Content starts

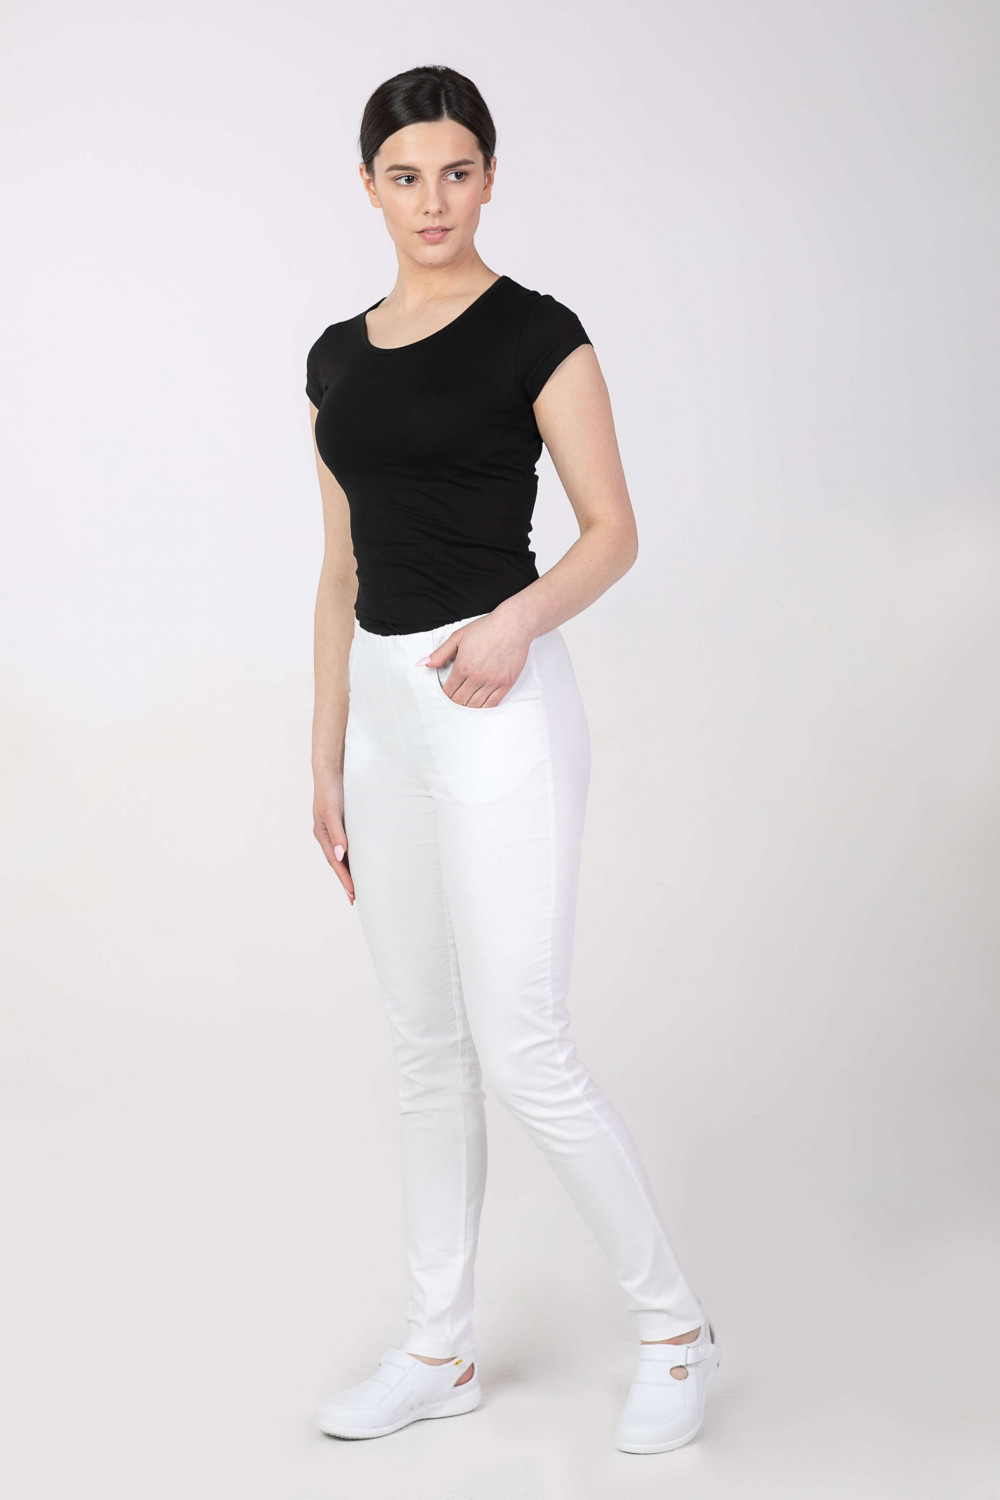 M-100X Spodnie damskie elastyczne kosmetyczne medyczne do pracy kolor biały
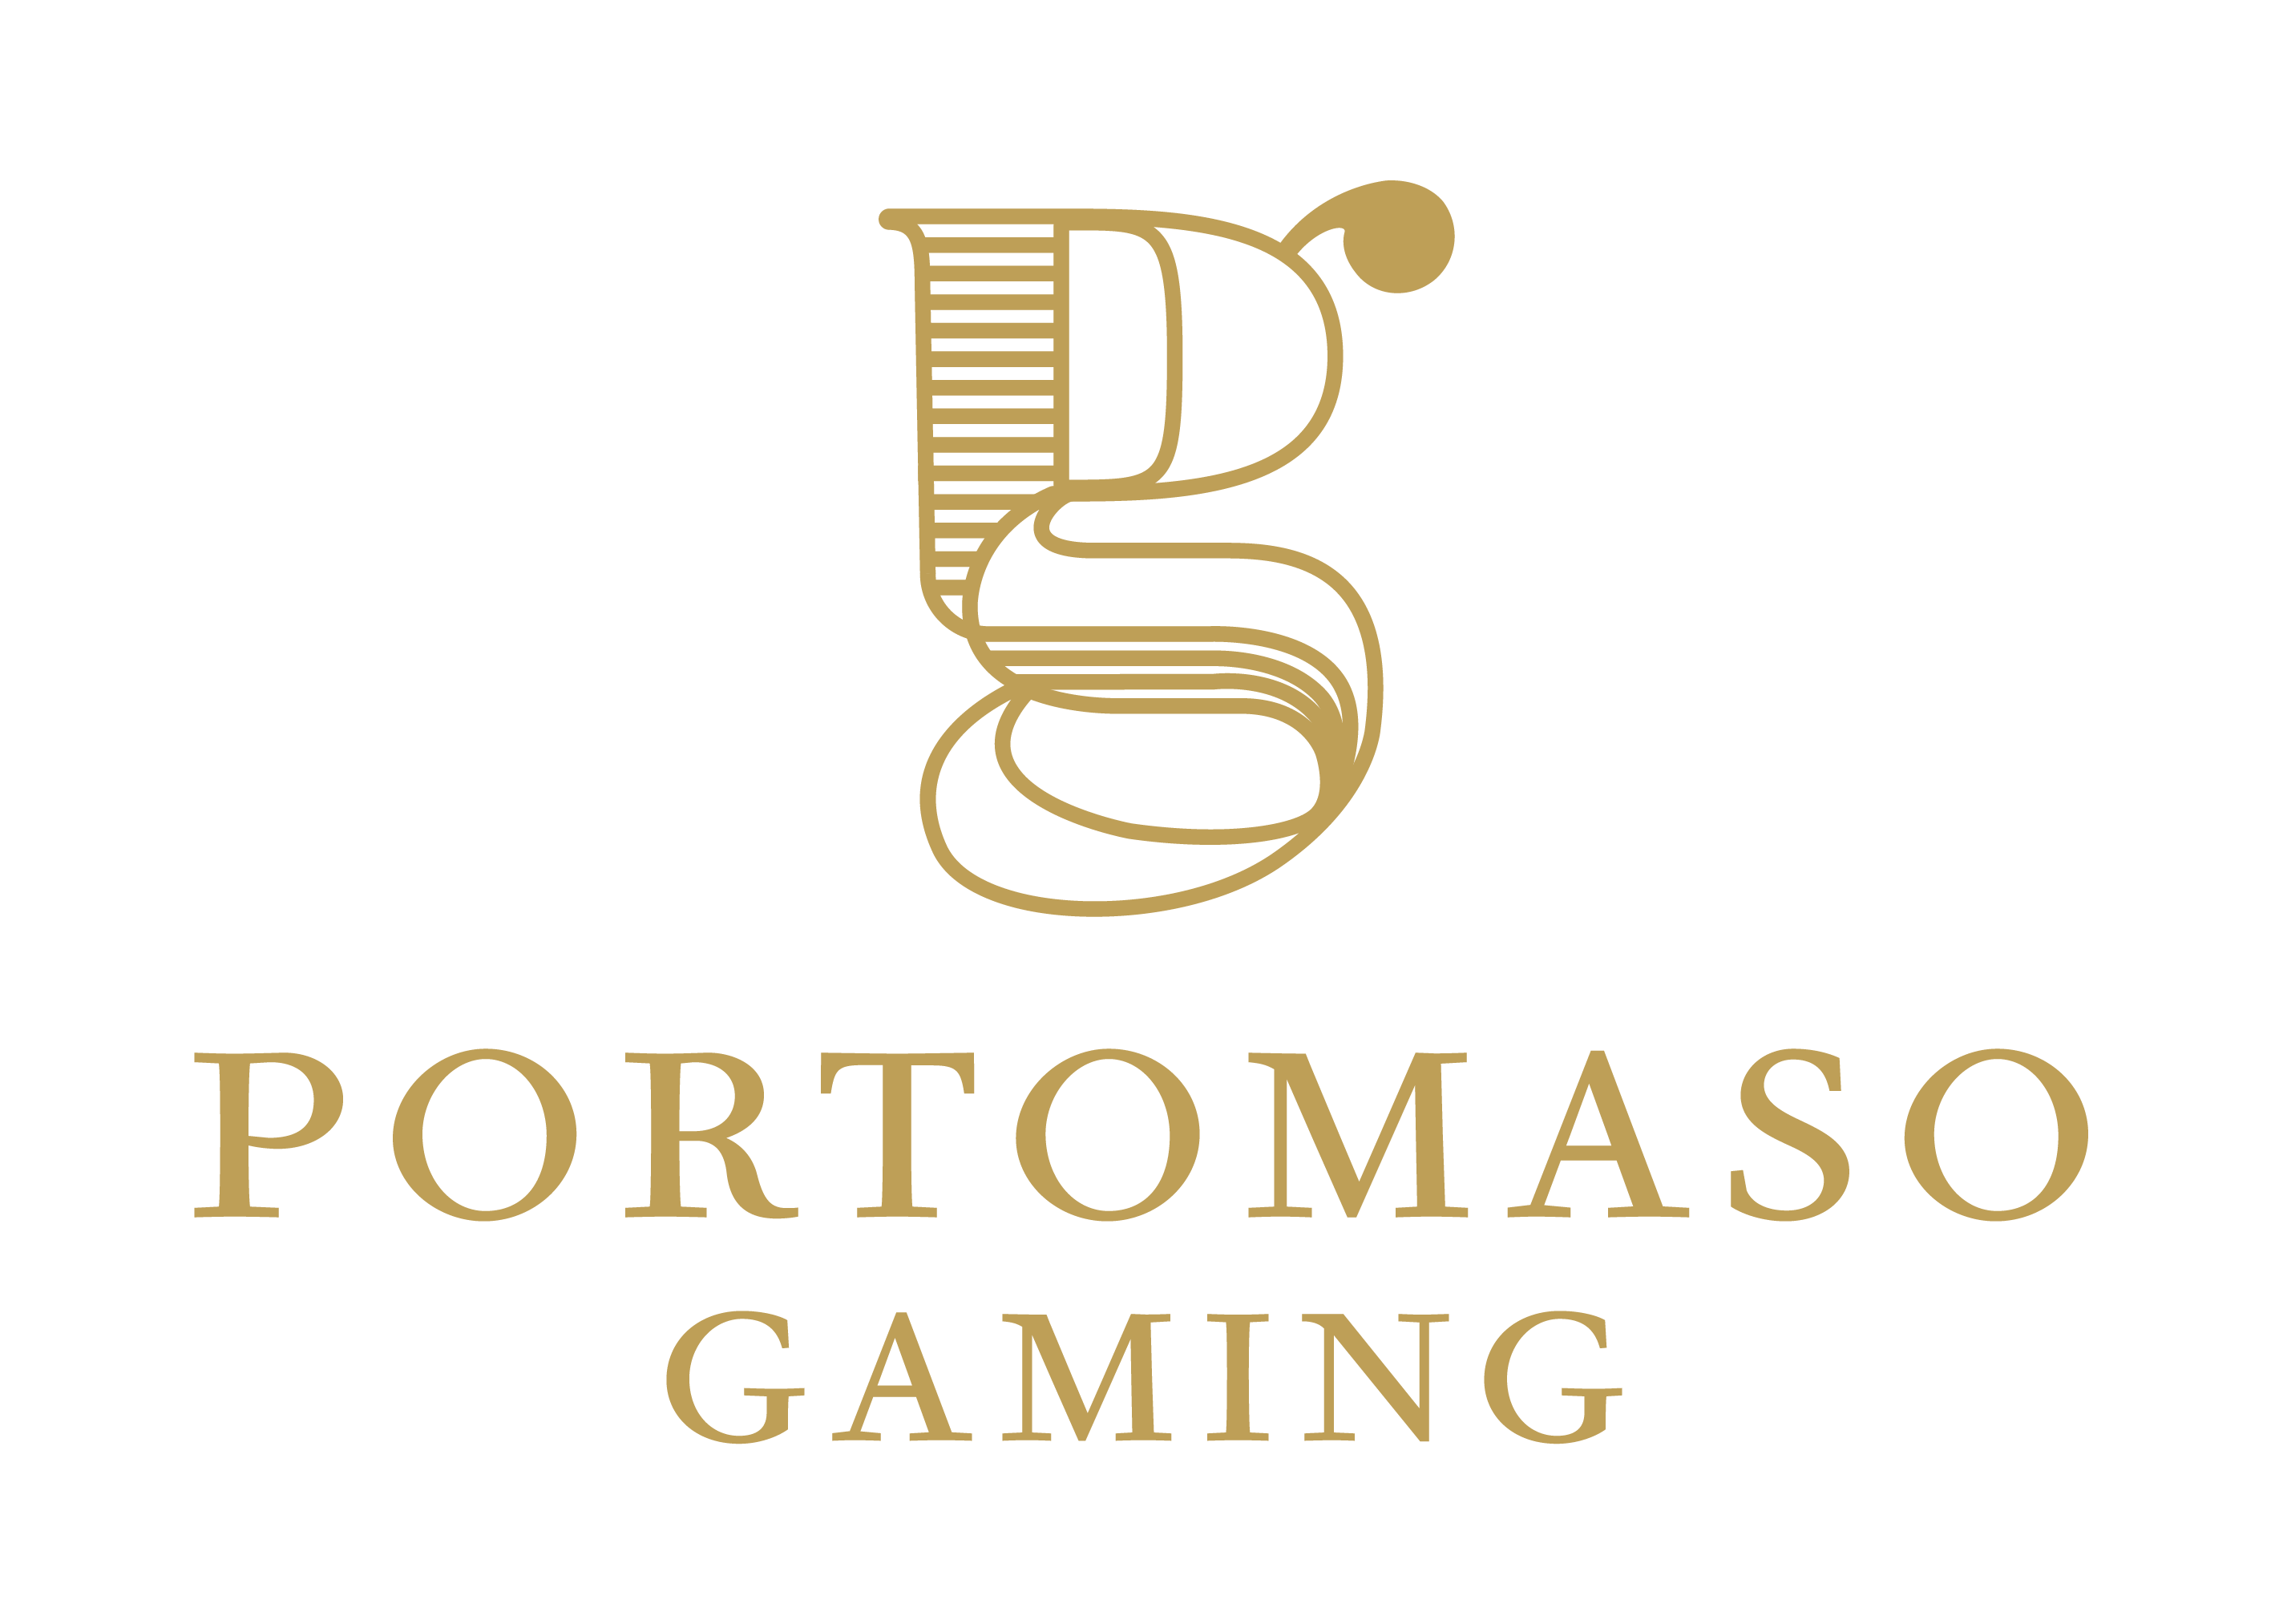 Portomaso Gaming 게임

Content ends
Content starts

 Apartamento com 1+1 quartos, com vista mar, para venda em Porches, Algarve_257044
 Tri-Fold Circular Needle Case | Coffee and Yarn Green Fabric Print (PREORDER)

Content ends

* [Exercise aim]: Above are records; write out the lines from the one with "M-100X Spodnie damskie" down to the one with "Portomaso Gaming 게임", exactly, leaving the pictures out.

* [Response]:
 M-100X Spodnie damskie elastyczne kosmetyczne medyczne do pracy kolor biały
 Portomaso Gaming 게임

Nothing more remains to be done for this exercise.